Condition (1) agrees with our previous findings showing that the network rearrangement under stimulation takes place in a certain interval of the noise intensity (Lobov S. A. et al., 2017). At low noise intensity, the neuronal activation may not reach the level necessary for STDP-ordered pre and post-synaptic spiking. At high noise intensity, random STDP events dominate and break learning (see Supplementary Figure S1). Condition (2) expresses competition between the synapses involved in the associations increasing the SNN selectivity. Thus, competition plays a positive role in learning, unlike the case study reported previously (Lobov S. et al., 2017b). Condition (3) implies a reduction of the SNN selectivity due to a negative effect that STDP can have on the synaptic couplings between CS neurons (w21 and w12). Condition (4) leads to competition between neurons “for the right” to be activated and, as a result, to an increase in the selectivity of the connections of the right and left channels.
Operant or Instrumental Conditioning
Animals learn behaviors through active interaction with the environment. To model such natural learning, we use operant (or instrumental) conditioning. To implement it, we activated motoneuron N7 (Figures 1B,C) responsible for forward movement and introduced the robot in an arena with several obstacles (Figure 5A).
Figure 5. Operant conditioning. (A) Trajectory of the robot in the first 2 min of the experiment. Exclamation marks indicate the positions of collisions with obstacles. (B) Same as in (A) but after learning. (C) Evolution of the weights of parallel (wP) and diagonal (wD) couplings (compare to Figure 4D). Beige and green-blue bars correspond to periods (A,B), respectively.
In the beginning, the robot could avoid obstacles only after touching them due to US (Figure 5A). Then, learning progressively established associations between approaching obstacles (sonars, CS) and touching events (US). Thus, the robot learned to avoid obstacles in advance, without touching them (Figure 5B and Supplementary Videos S2, S3). We then switched sonars. Similarly to classical conditioning, the robot was able to relearn the associations (Figure 5C, PA arrow).

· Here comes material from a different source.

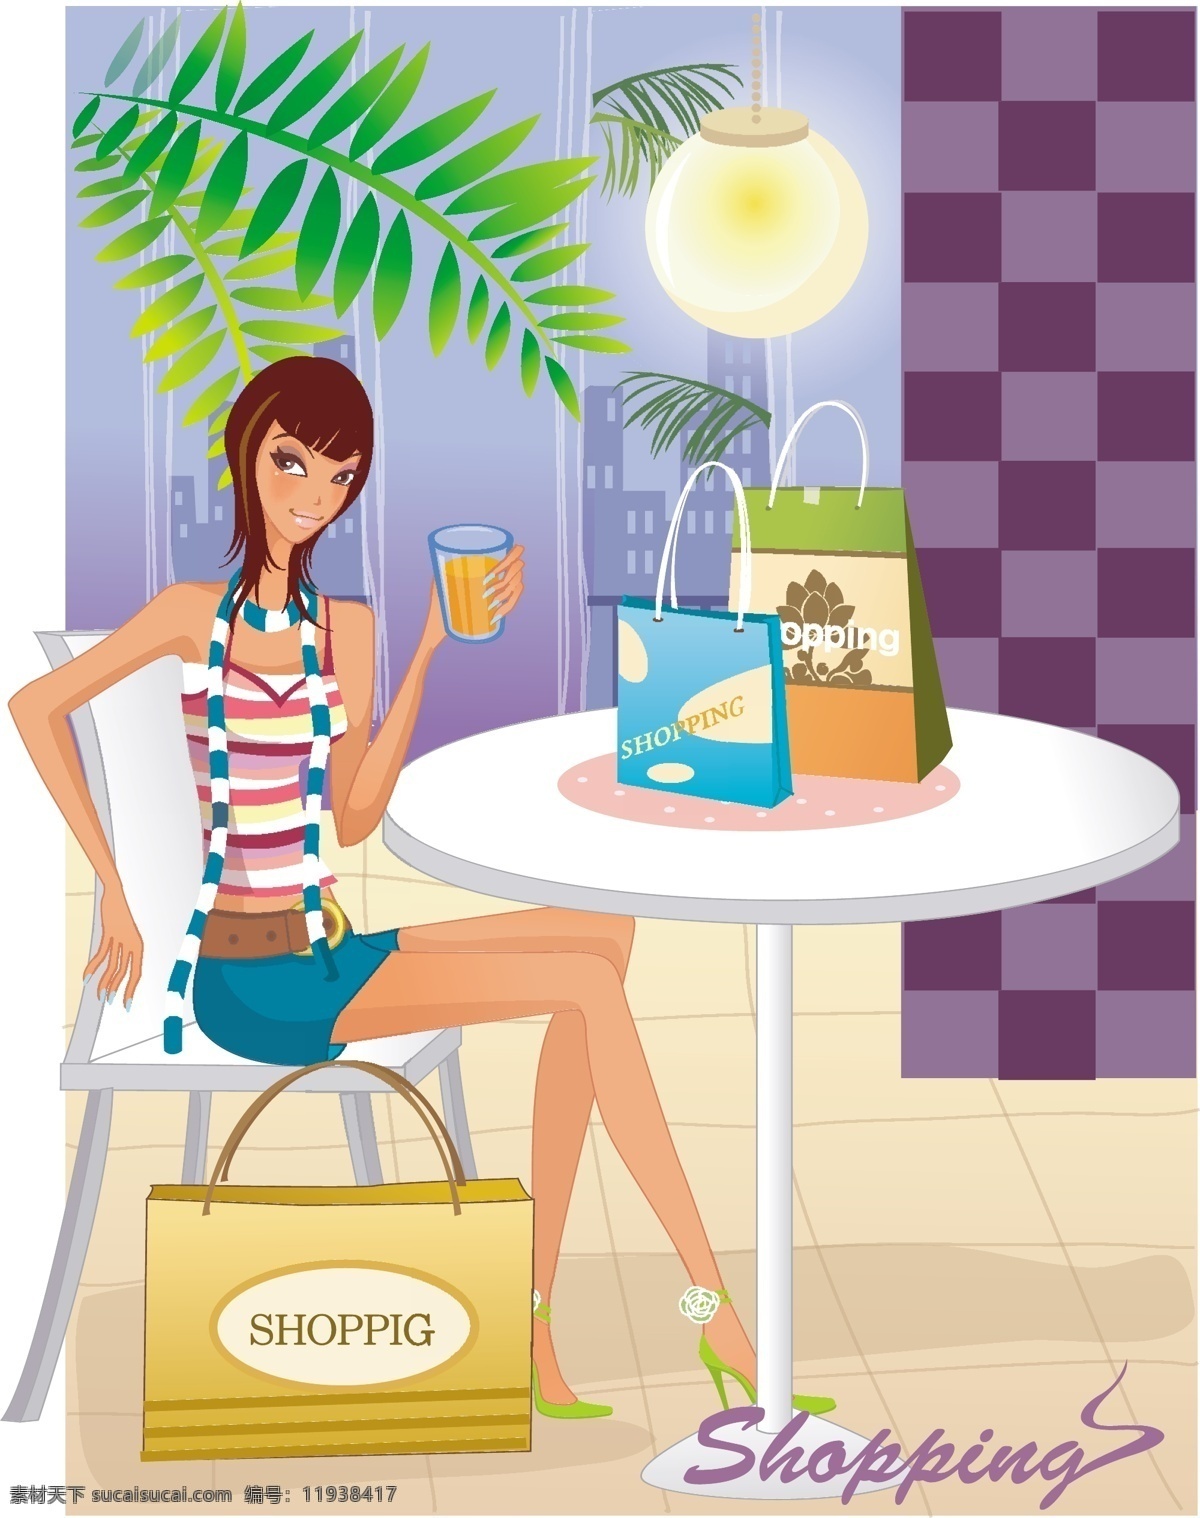 时尚 女性 购物 eps格式 背景 吊灯 购物袋 围巾 植物 桌子 矢量图 矢量人物

The learning rate depends on the total time of activation of the touch sensors. In turn, this time depends on the configuration of the arena, i.e. the arena size and the number of obstacles. In the Morris water maze (Figure 5A, 1 m2), learning takes about 2 min. In a larger room (50 m2) with a few obstacles, the learning time increases to 10–20 min. Relearning takes about twice a longer time.
In the operant conditioning, the SNN selectivity did not reach the value achieved in classical conditioning (compare Figures 4D, 5C). It occurs due to the fact that in the arena, the robot can approach objects in front. In this case, both sonars detect them, which leads to a simultaneous generation of stimuli on the left and right sides and competition between two connections from the same sensory neuron. Technical constraints, such as a narrow sensing angle of the sonars, also affect the correct implementation of the obstacle-avoidance task negatively. All these factors diminish the learning quality. Therefore, the robot sometimes collides with obstacles. Thus, in a real environment, learning does not reach 100% collision avoidance.
Discussion
Competition is a universal paradigm well-extended both in neurophysiology, e.g. in the form of lateral inhibition (Kandel et al., 2000) and the ANN studies, e.g. in the form of competitive learning in Kohonen networks (Kohonen, 1982) or imitation learning (Calvo Tapia et al., 2018). In this work, we have proposed an SNN model implementing associative learning through an STDP protocol and temporal coding of sensory stimuli. To achieve successful learning, the SNN makes use of two mechanisms of competition. The first type is neuronal competition, i.e. different neurons compete to be the first to get excited. In our case, this mechanism was provided by inhibitory connections between US neurons.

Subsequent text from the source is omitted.